Thursday, January 27, 2005

Things to Do while Internet Connection is Down.

  • Rewire and exchange broken light fixture in the kitchen.
  • Accidentally put a nail in hair mistaking it for a hair pin.
  • Spend three minutes looking for a nail in hair, without finding it.
  • Wash down coat.
  • Hang painting on the wall in the kitchen.
  • Fold the laundry mountain.
  • Try to get Chemical Brothers' Galvanize out of head.
  • Very light (so as not to get too tired in the case of Internet reconnecting) dusting.
  • Read a treatment for a script.
  • Wash the four sweaters that cannot go in the spin cycle.
  • Make and drink coffee.
  • Read a chapter in a work related book.
  • Brush hair.
  • Find nail in hair.
  • Braid hair.
  • Get ready for yoga.
  • Climb giant pebble mountain in driveway brought to us by building site next door while being heckled by construction workers.
  • Realize that both glutei maximi hurt from yesterday's yoga class.
  • Climb giant pebble mountain in driveway in darkness.
  • Make dinner.
  • Write blog entry in Microsoft Word.

Tuesday, January 25, 2005

Pink Princess

We were talking about pink. The color pink, not the singer.
I said something to the effect of how I hate that it is marketed towards girls in everything, leaving their poor parents without much option.
My friend replied "But I don't see why my daughter can't be allowed to play princess while she is a kid? I would much rather she go through her pink phase while she is young, than when she is say 16."
Knowing that I was entering the minefield where we non-parents are inevitably killed, - simply because we do not have children and therefore must shut up - I dropped the subject.

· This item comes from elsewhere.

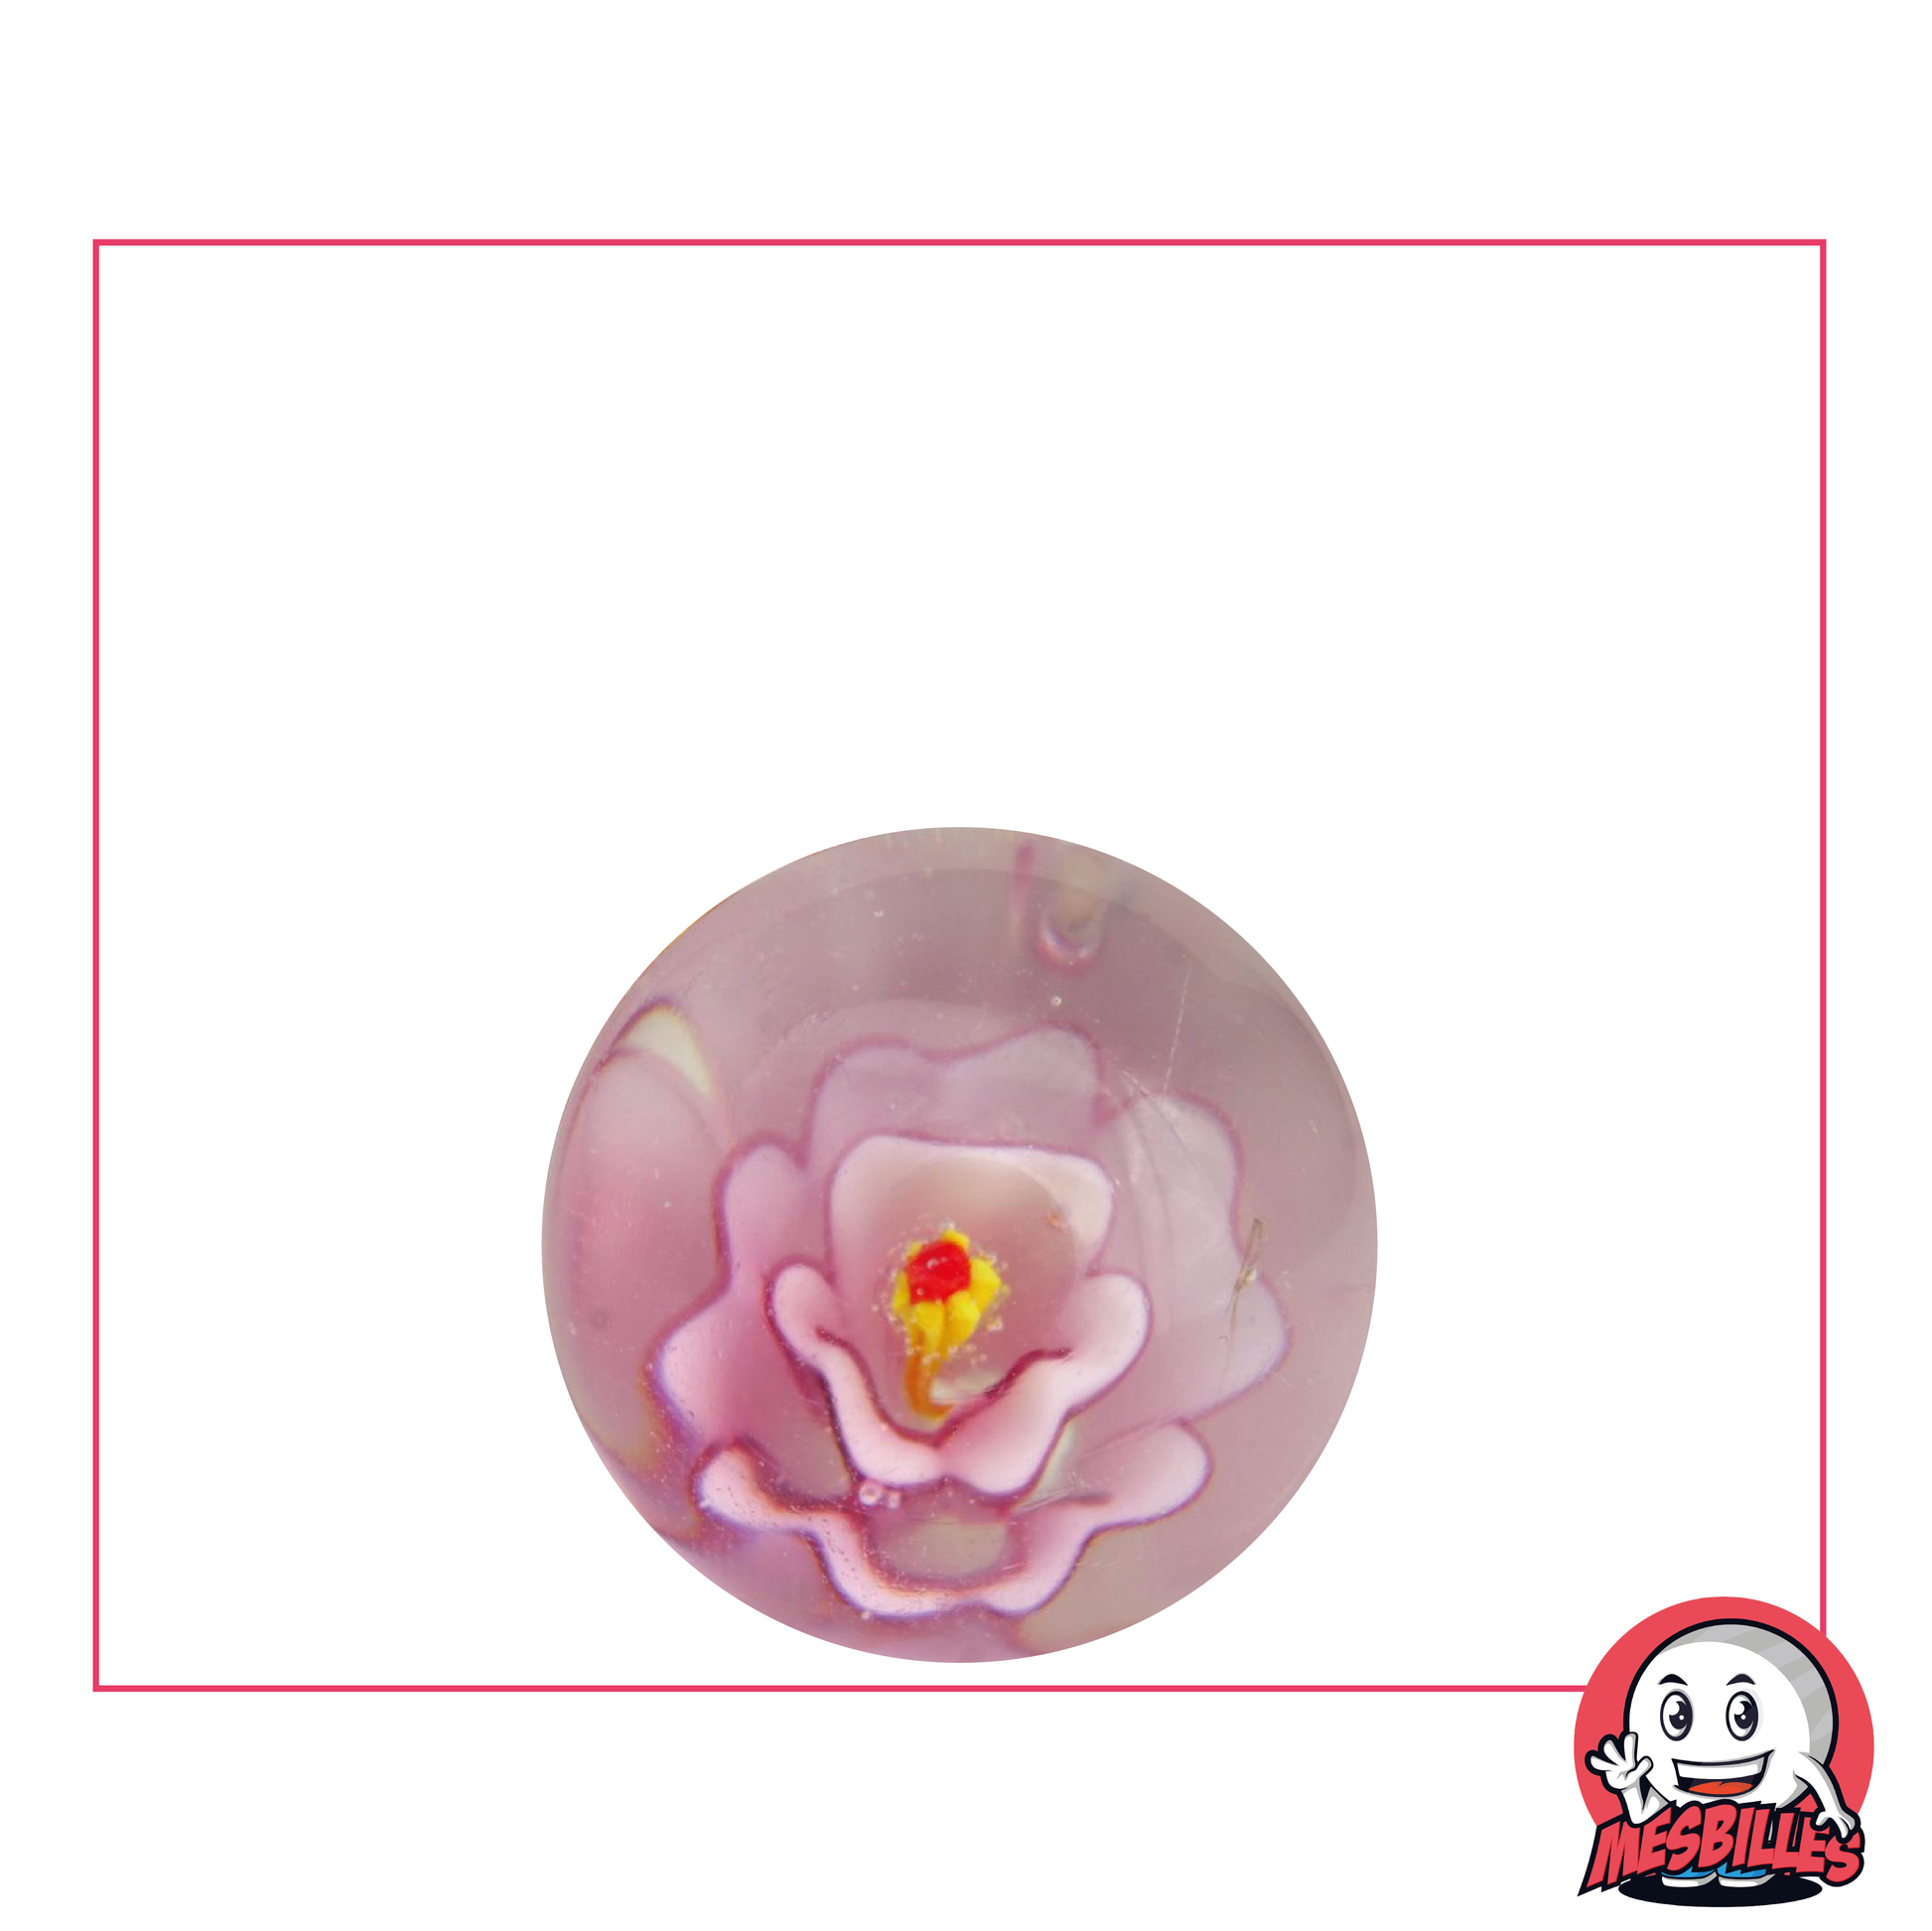 Bille d'Art Fleur Rose, bille en cristal translucide avec une fleur rose en incrustation au millieu
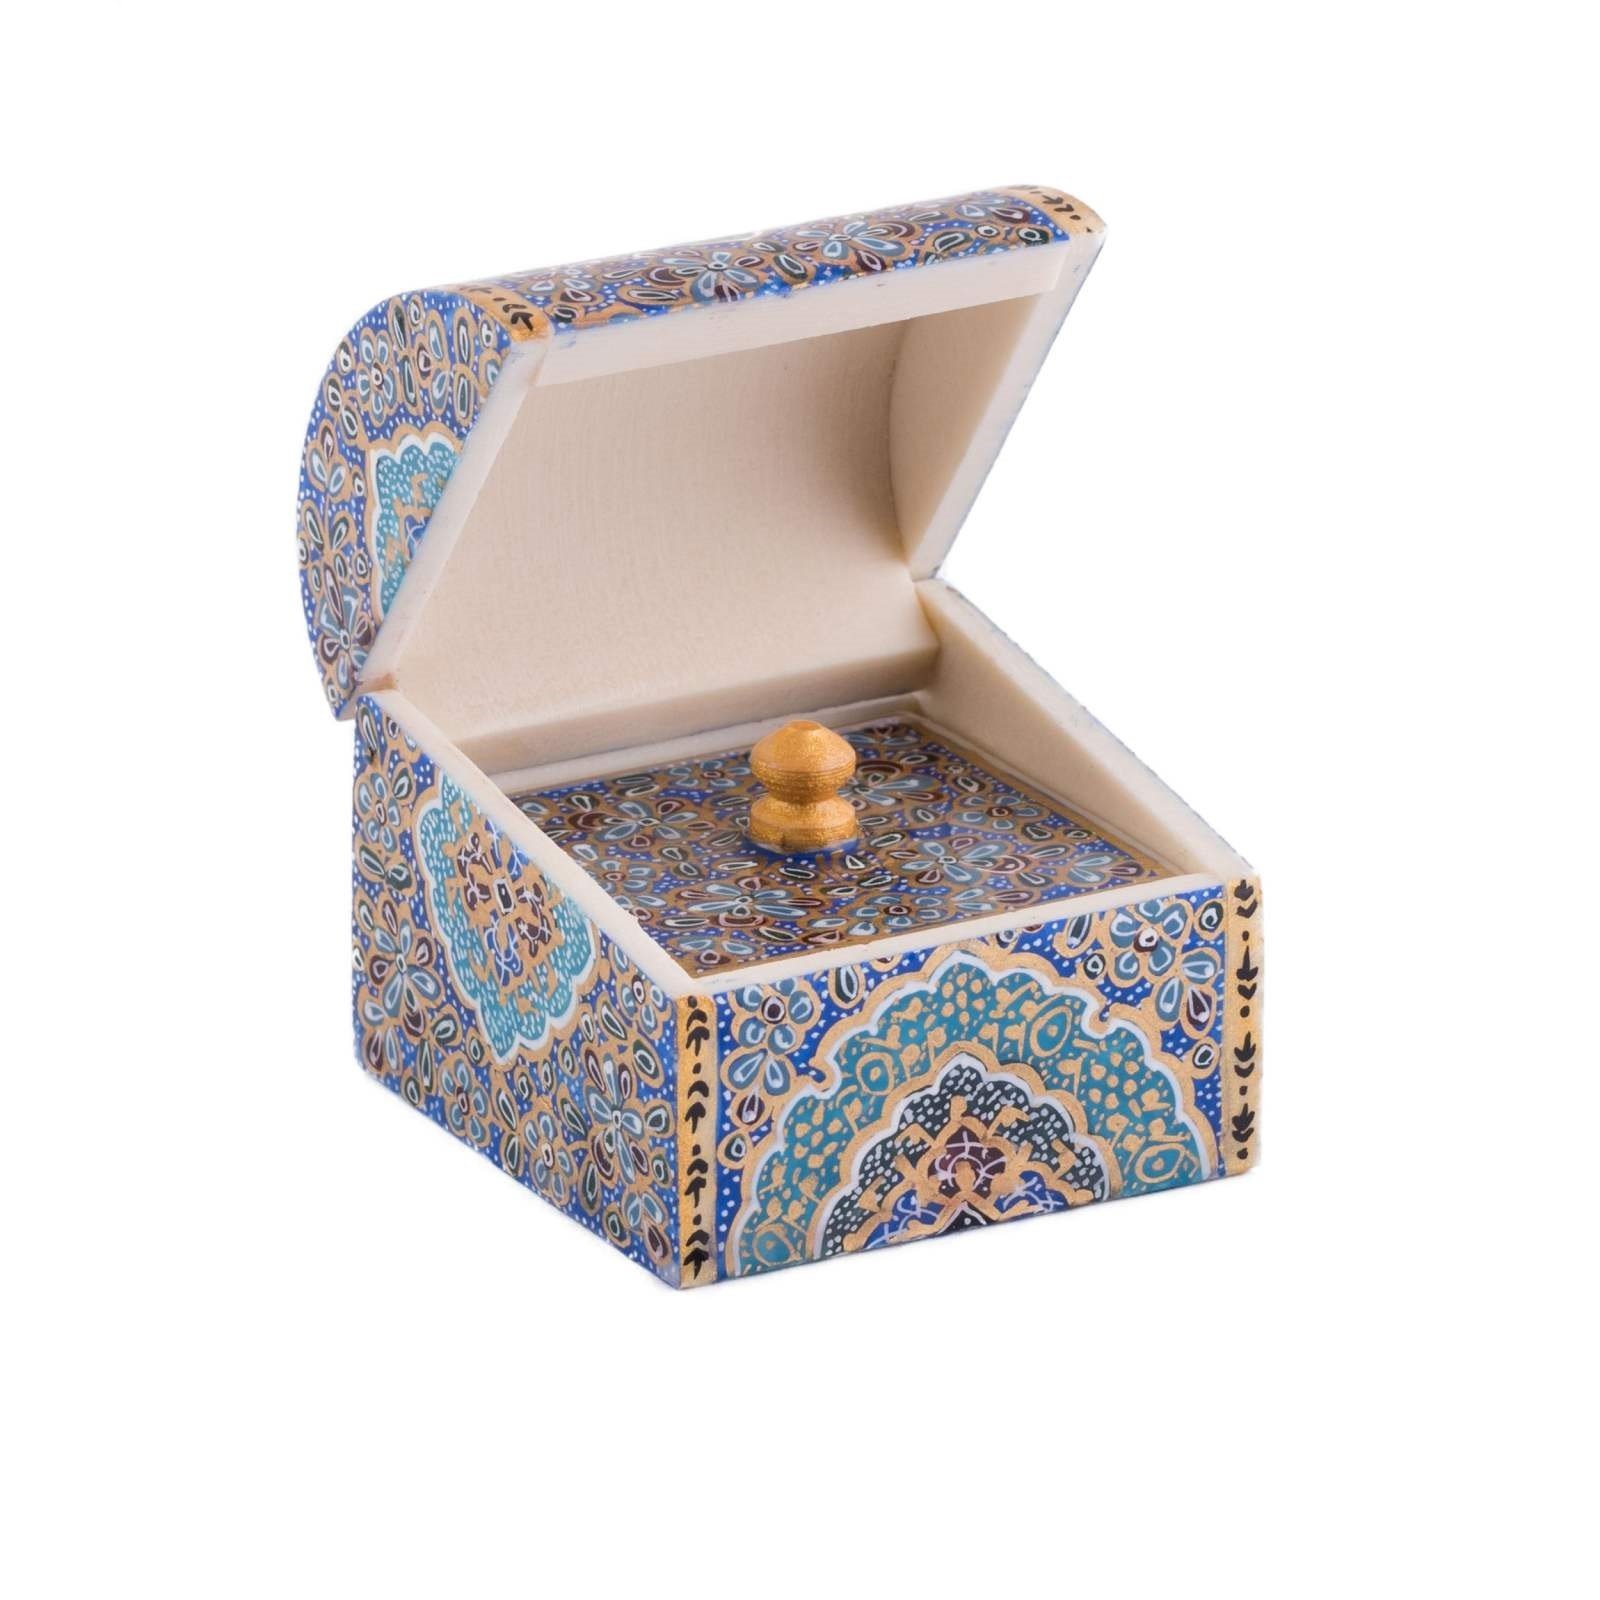 Joyero Bone Handicraft Tazhib 13 Design ,, venta Bone Handicraft, comprar artesanía, artesanía de hueso iraní

But what I was thinking was something like this:
When it comes to children's clothing there is a horrific gender gap that, honestly, makes them into the teenagers they become later on.
If we teach tiny kids that girls should be pleasing and pretty and that boys should be monster loving super heroes, can we be surprised when a thirteen year old girl is having sex with multiple partners and a thirteen year old boy is violent?
If all marketing is geared towards putting the value of a girl into how beautiful she is and whether she is wanted by all, can we be surprised that she seeks that same attention when she grows older? Is it strange that she wants to wear the sexy clothes that MTV- princesses are wearing? It seems to me that it is the next logical step.
The same goes for boys. If a boy is taught that his value is in relation to how violent he can be towards perceived bad guys, can we be surprised when he is violent at all?
We ask that teenagers know right from wrong, but how are they supposed to know any better than we teach them?
I don't know what it is like to be a parent, I can only imagine that it is a life full of wondering whether any of the thousands of decisions one has to make for one's kids will eventually harm them.
But perhaps there needs to be a quiet uprising against the gender marketing monster?